**Task:** Write out an exact copy of the line containing "PLANTER BENCH D'Arrigo" and all lines that follow it in the data below, leaving out pictures.

=== Data ===

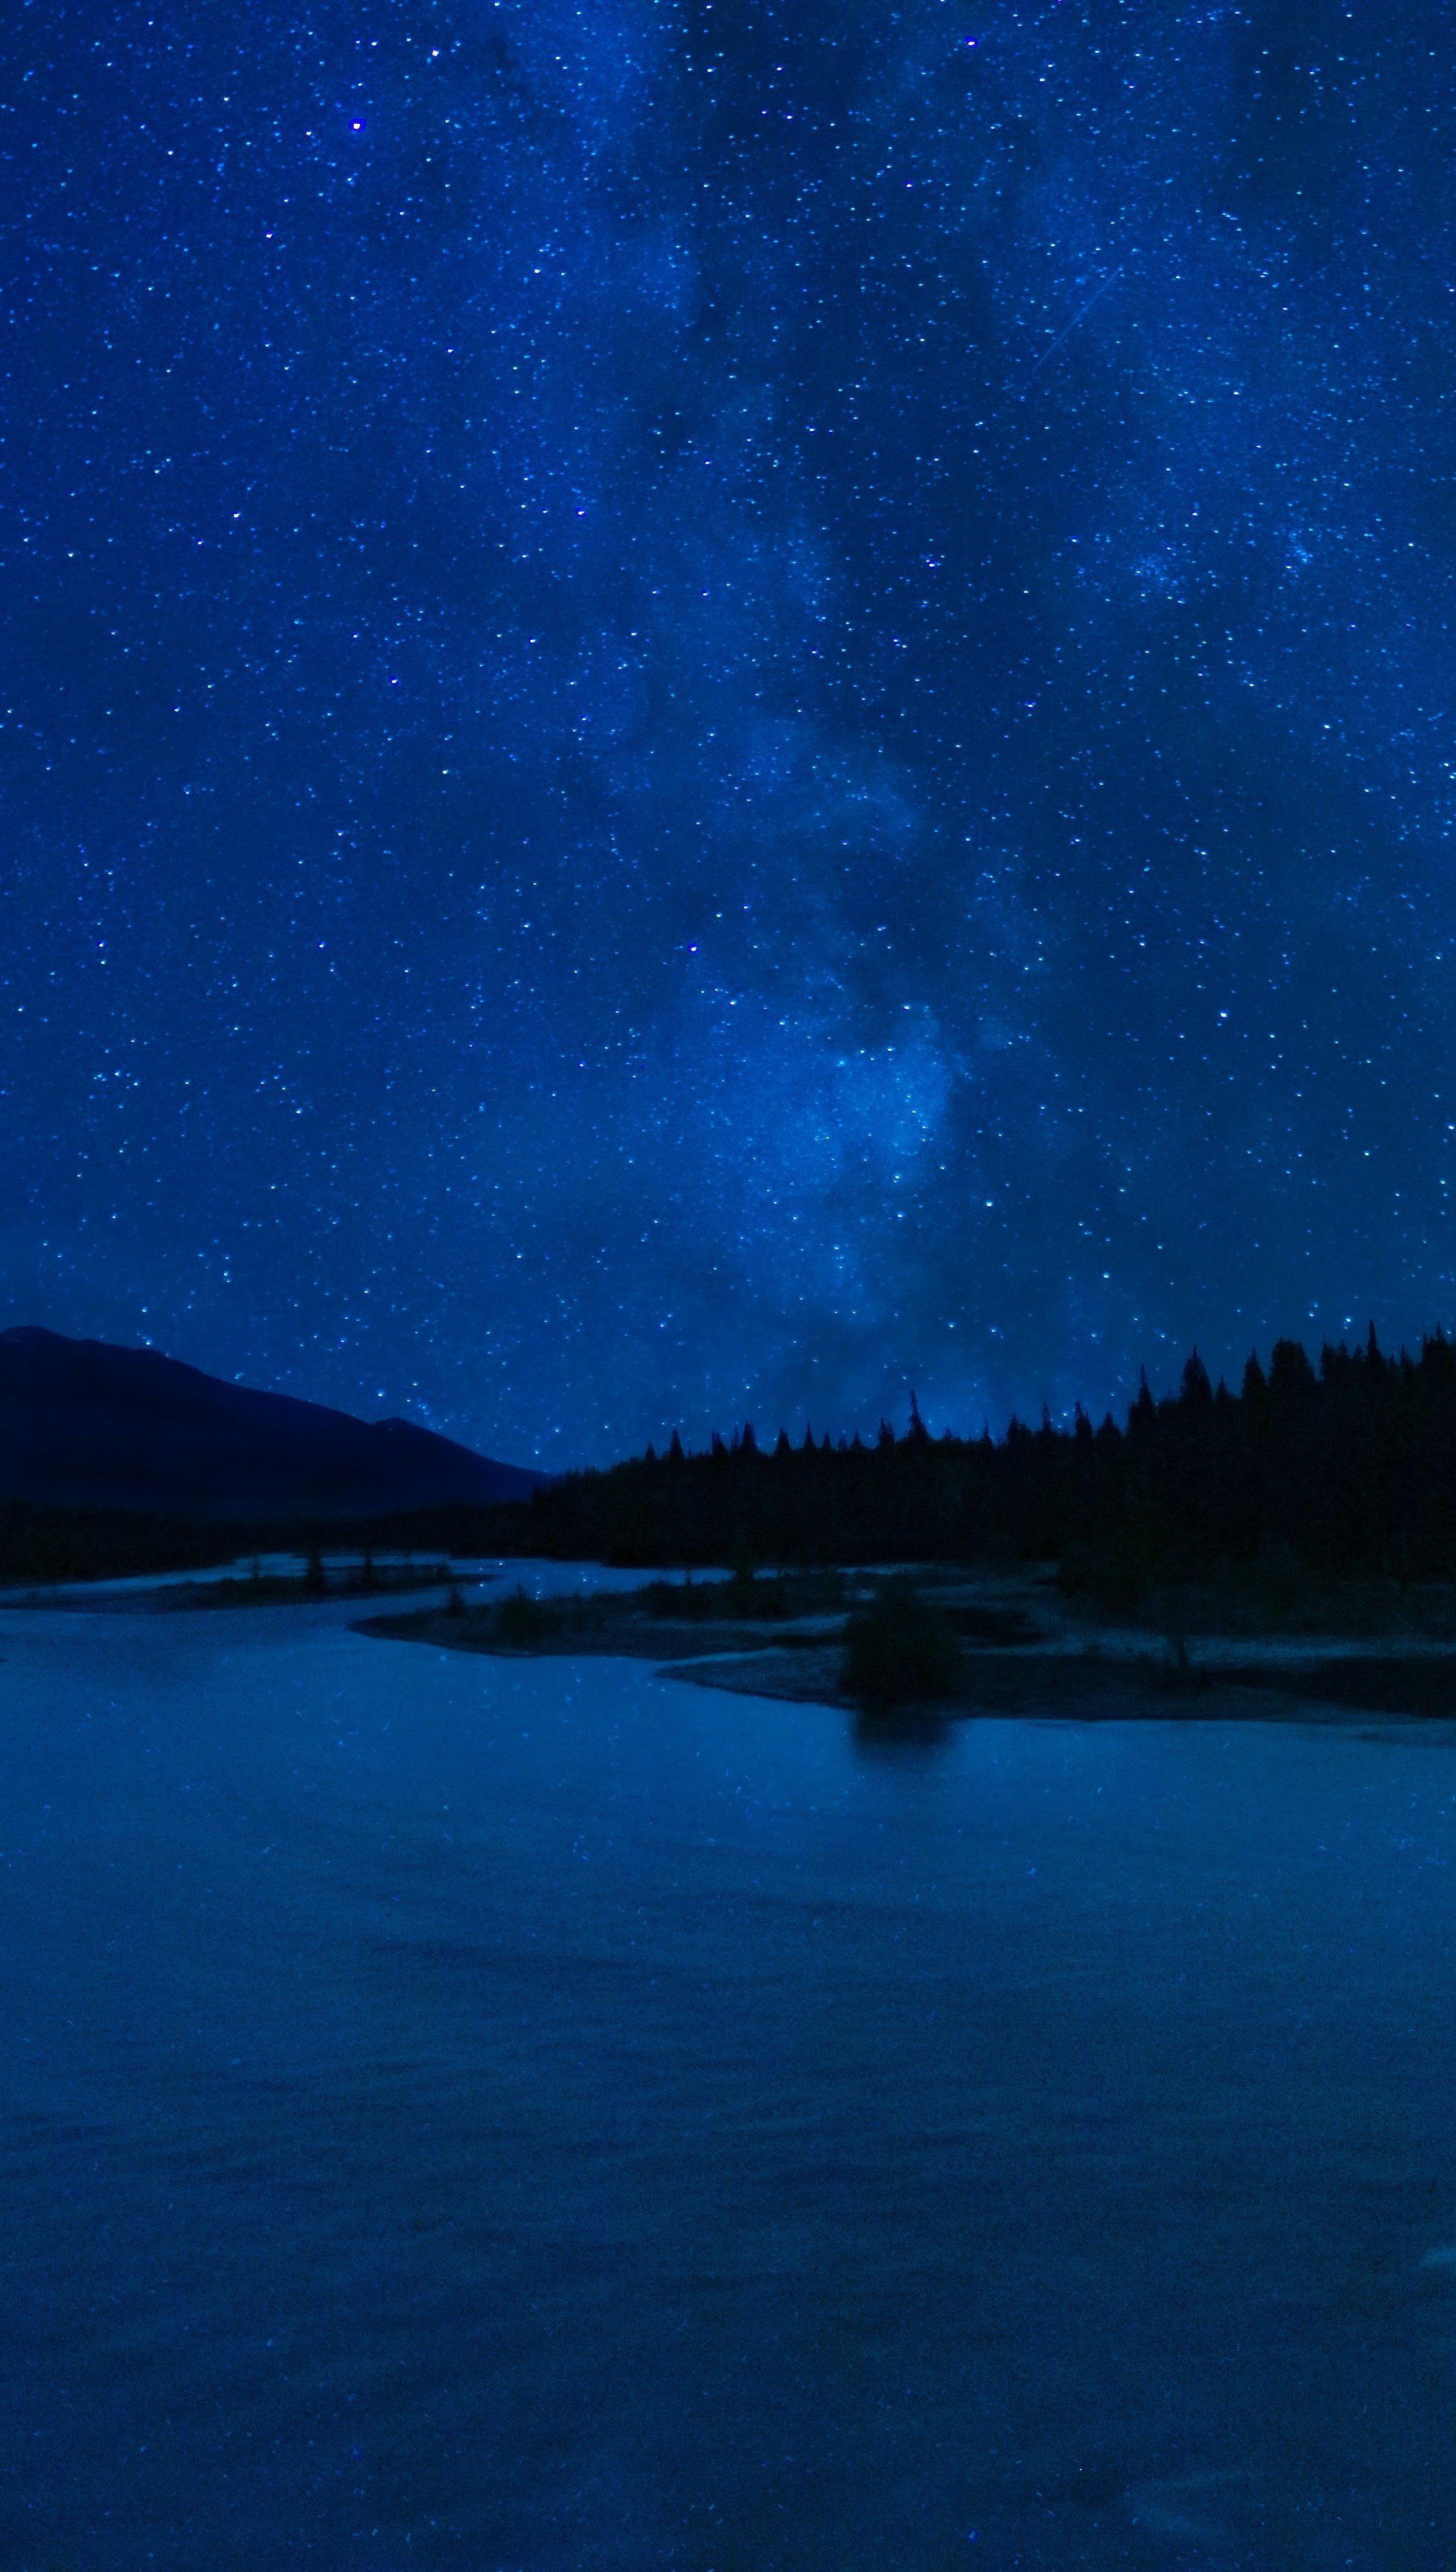 Fondos de pantalla Noche oscura en lago Vertical
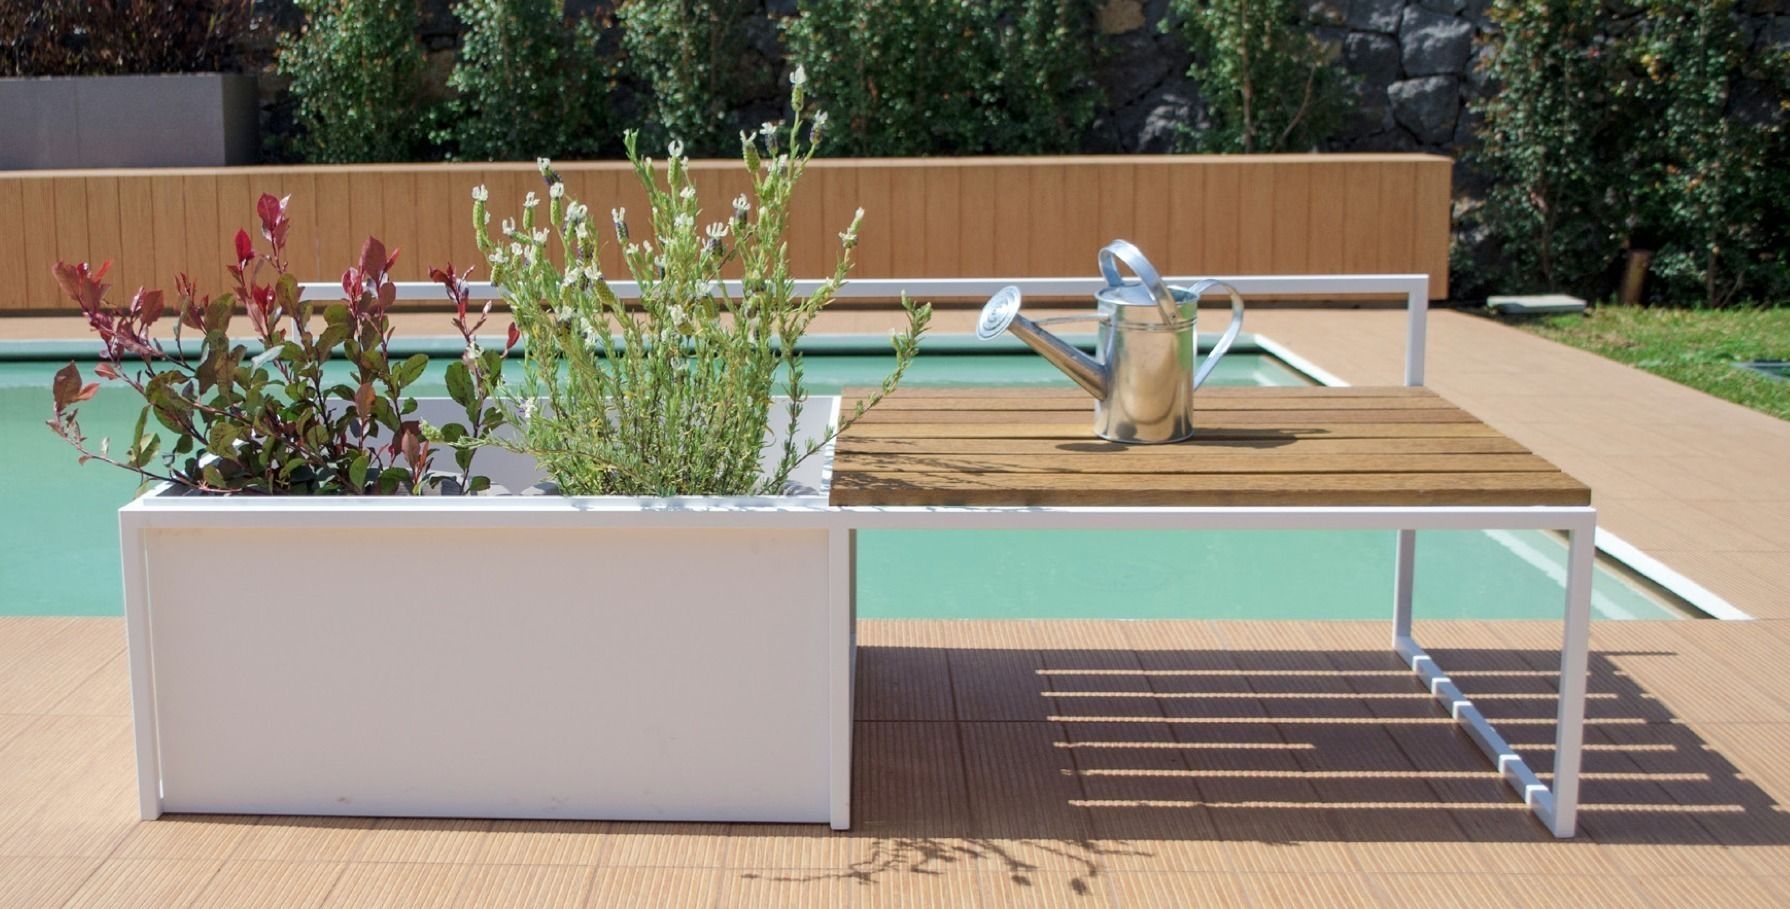 PLANTER BENCH D'Arrigo External Design Modern garden Furniture
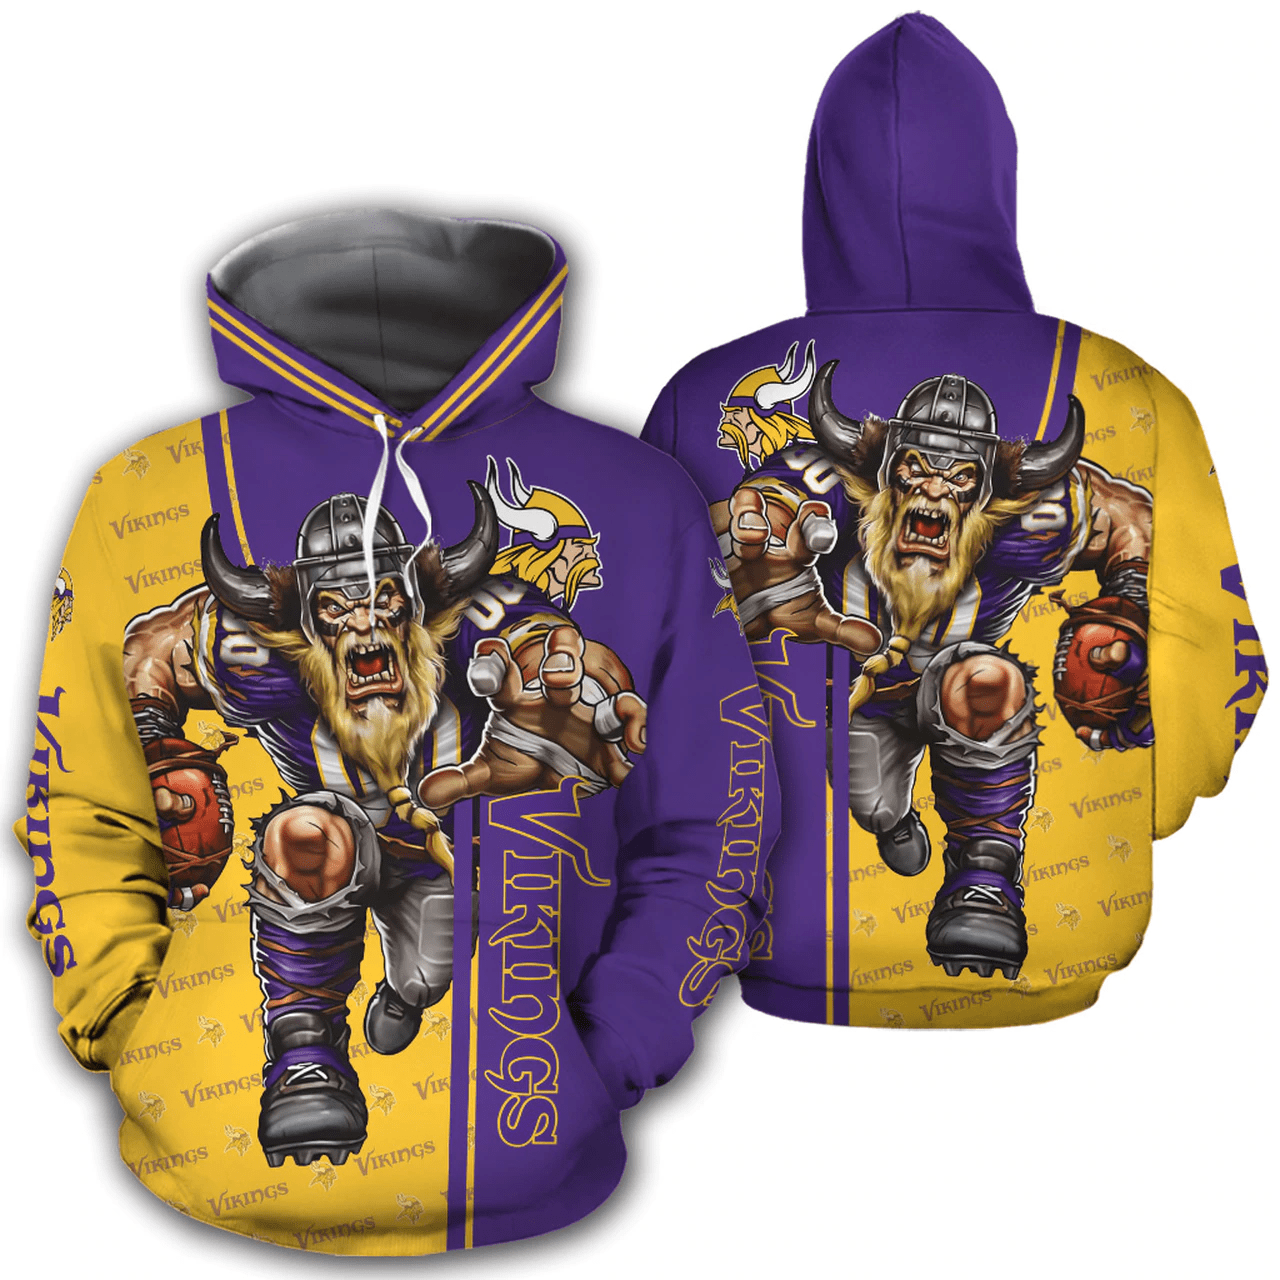 Minnesota Vikings Hoodie 3D Mascot design gift for fans
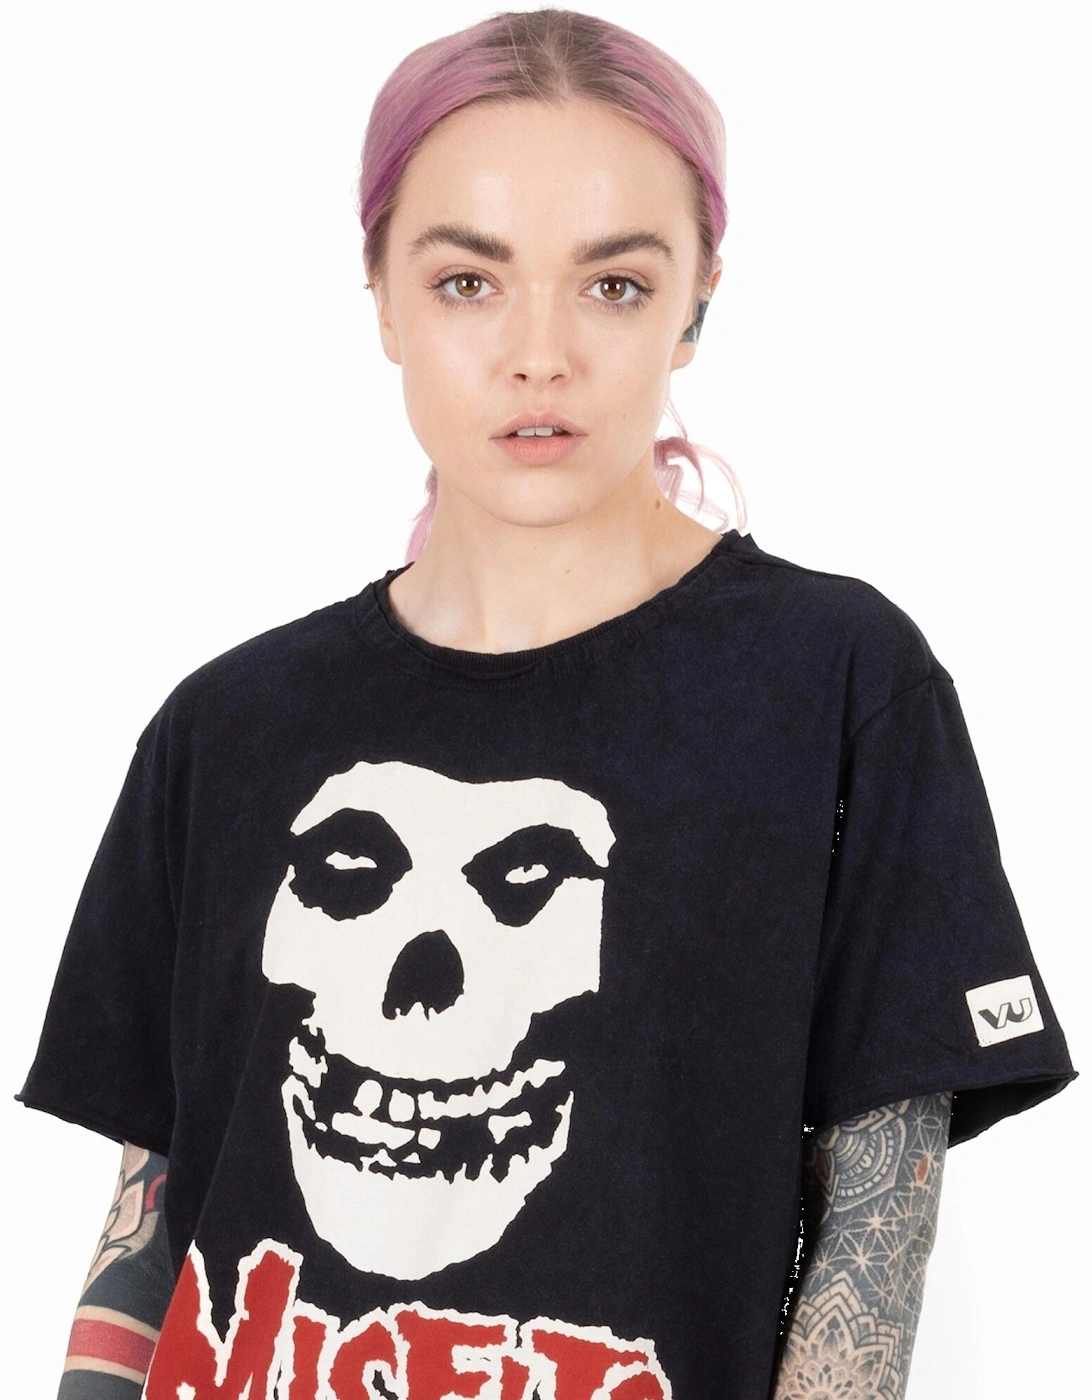 Unisex Adult Skull T-Shirt

===

**Result:**
 PLANTER BENCH D'Arrigo External Design Modern garden Furniture
 Minnesota Vikings Hoodie 3D Mascot design gift for fans
 Unisex Adult Skull T-Shirt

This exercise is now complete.